WORK INSTRUCTIONS:
Only the lines from the one containing "Santa Ponsa - Neubauvilla" to the end of the data should be copied, exactly and without pictures.

DATA SEGMENT:
* * *
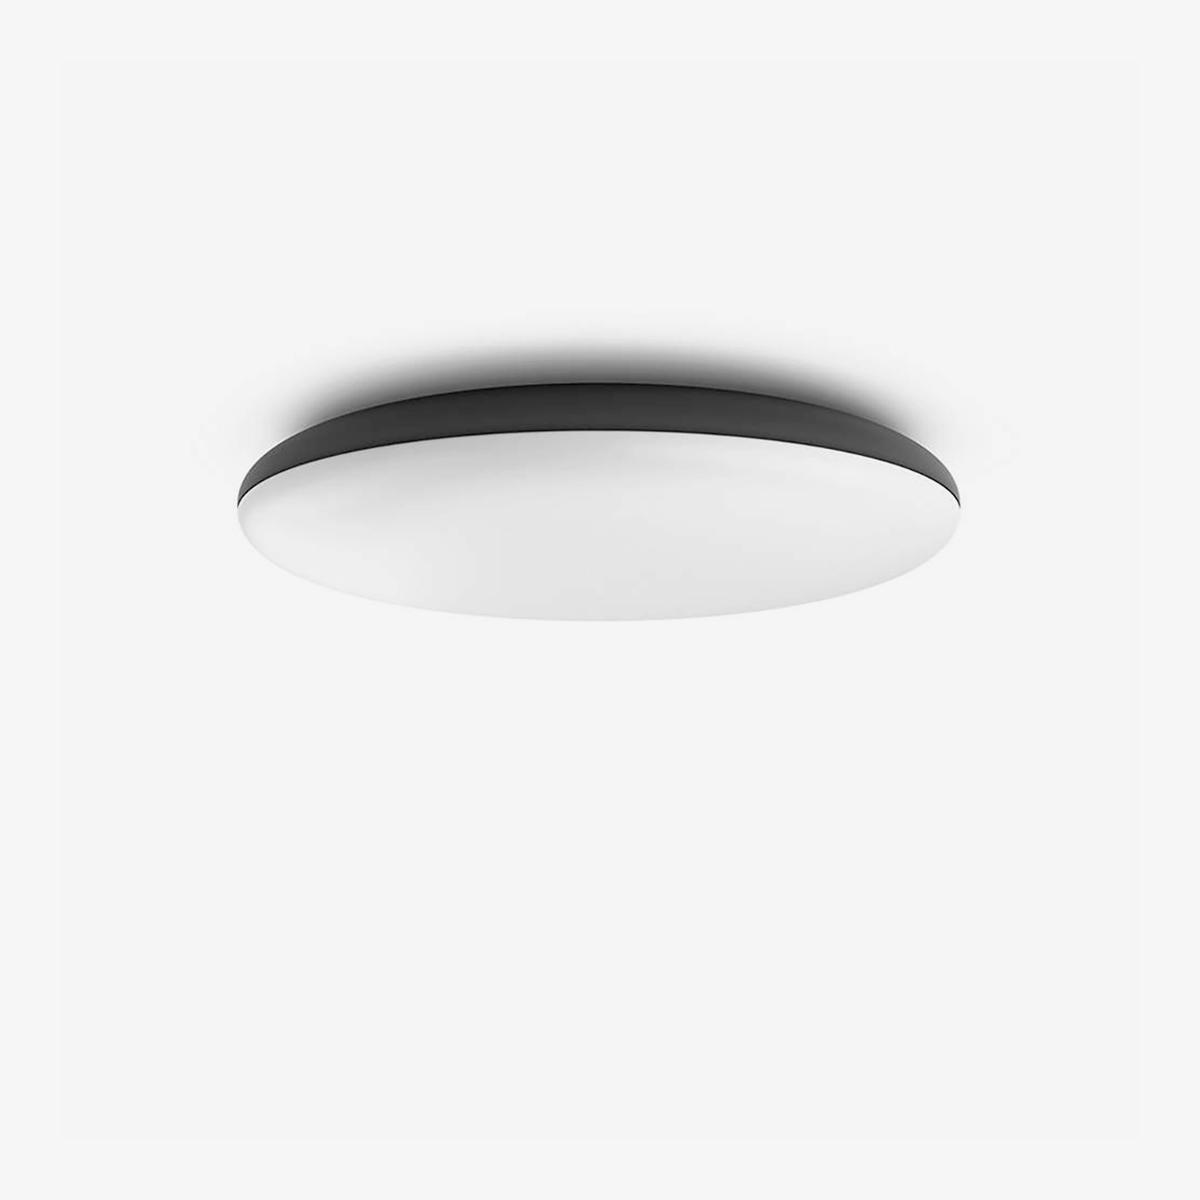 Lámpara de techo plafón Cher negro Philips Hue-0
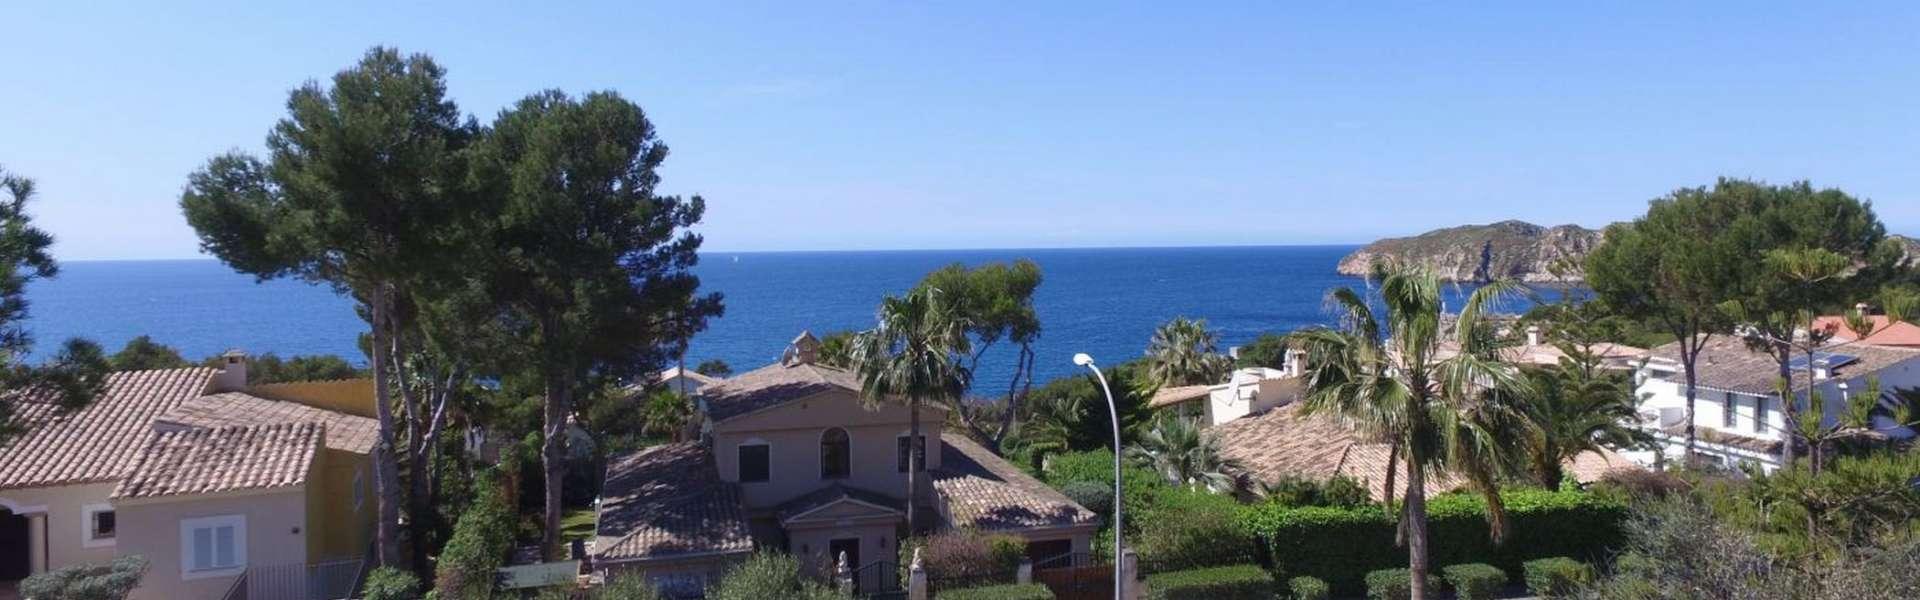 Santa Ponsa - Neubauvilla mit traumhaftem Meerblick und mediterranem Charme
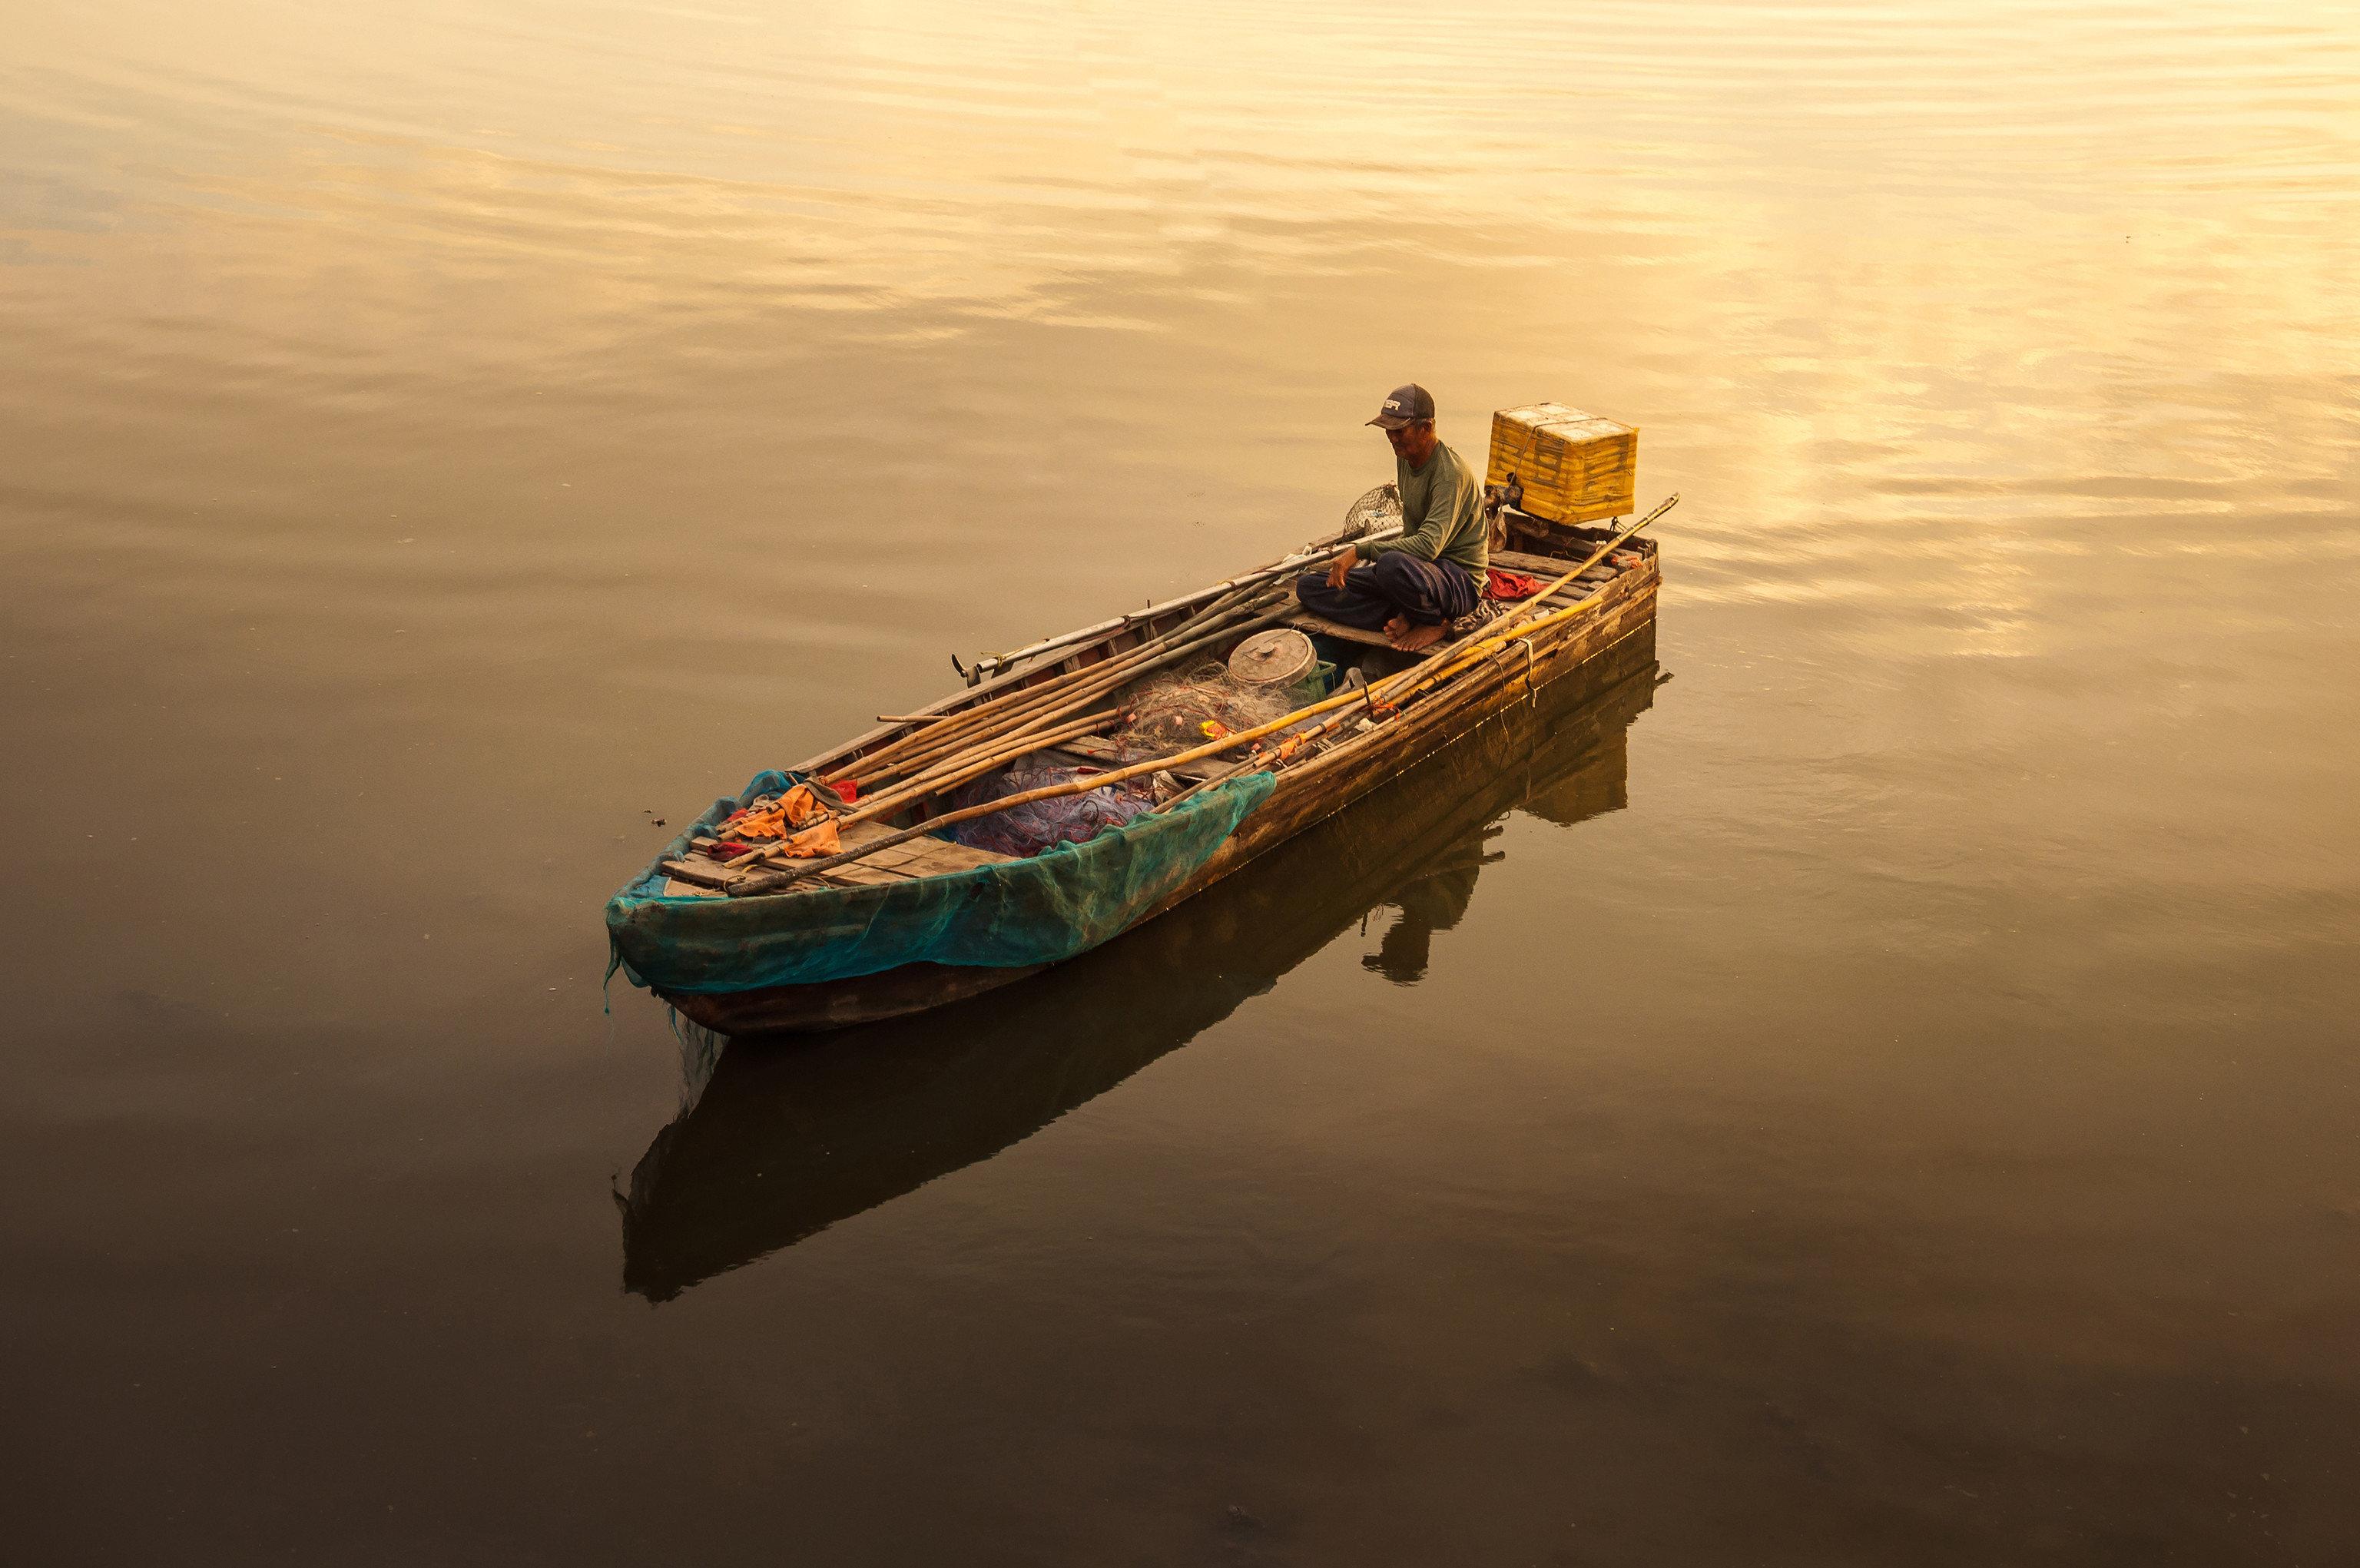 Jetsetter Guides water outdoor Boat vehicle reflection Sea watercraft rowing morning watercraft Lake floating ship wave
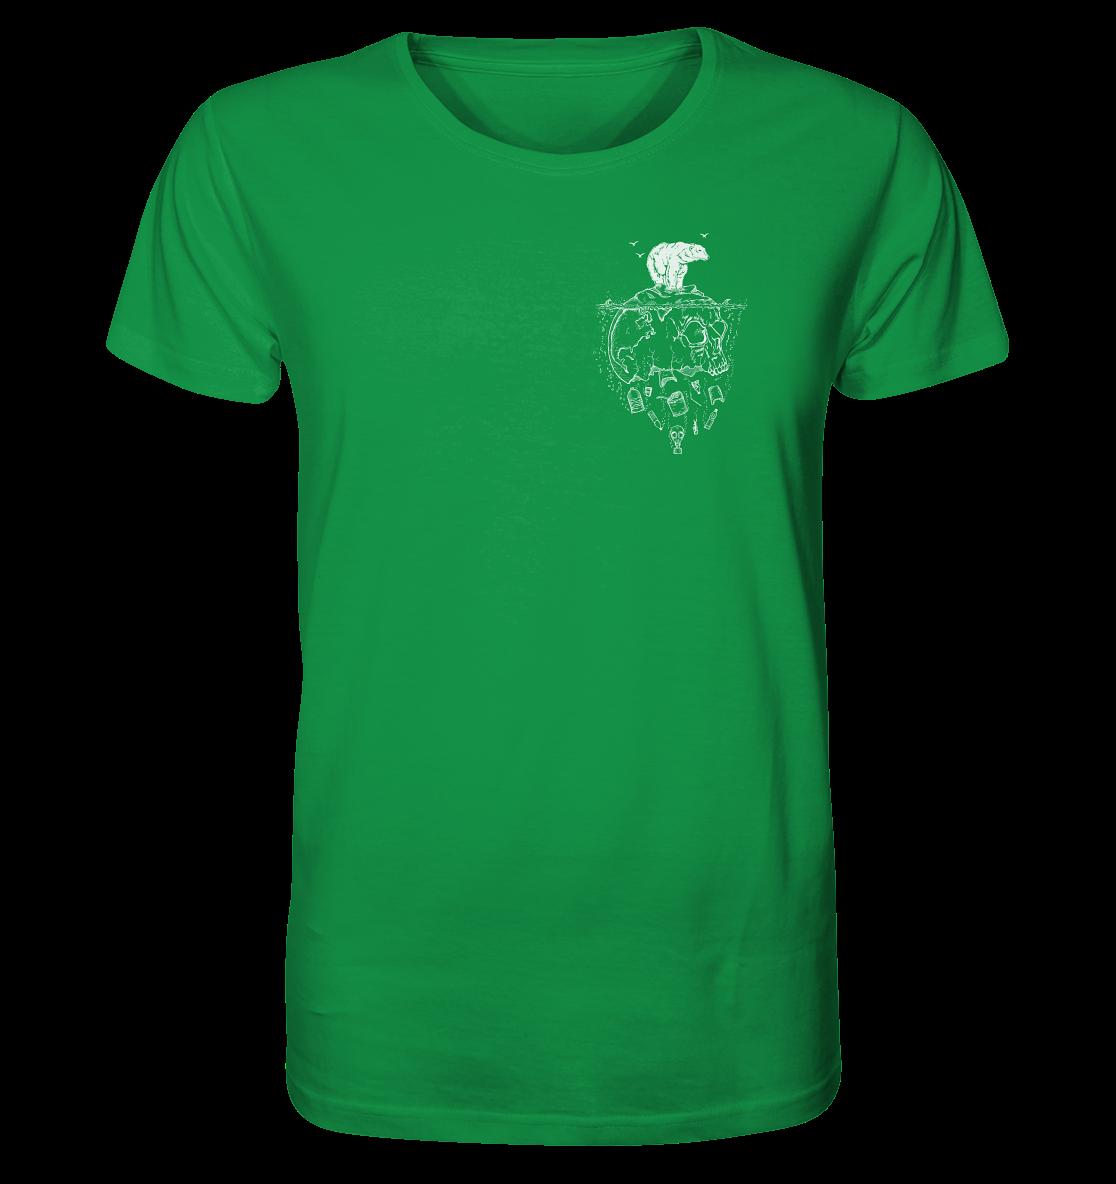 front-organic-shirt-149348-1116x-36.png
* * *
ANSWER FOR THE TASK:
 Santa Ponsa - Neubauvilla mit traumhaftem Meerblick und mediterranem Charme
 Jetsetter Guides water outdoor Boat vehicle reflection Sea watercraft rowing morning watercraft Lake floating ship wave
 front-organic-shirt-149348-1116x-36.png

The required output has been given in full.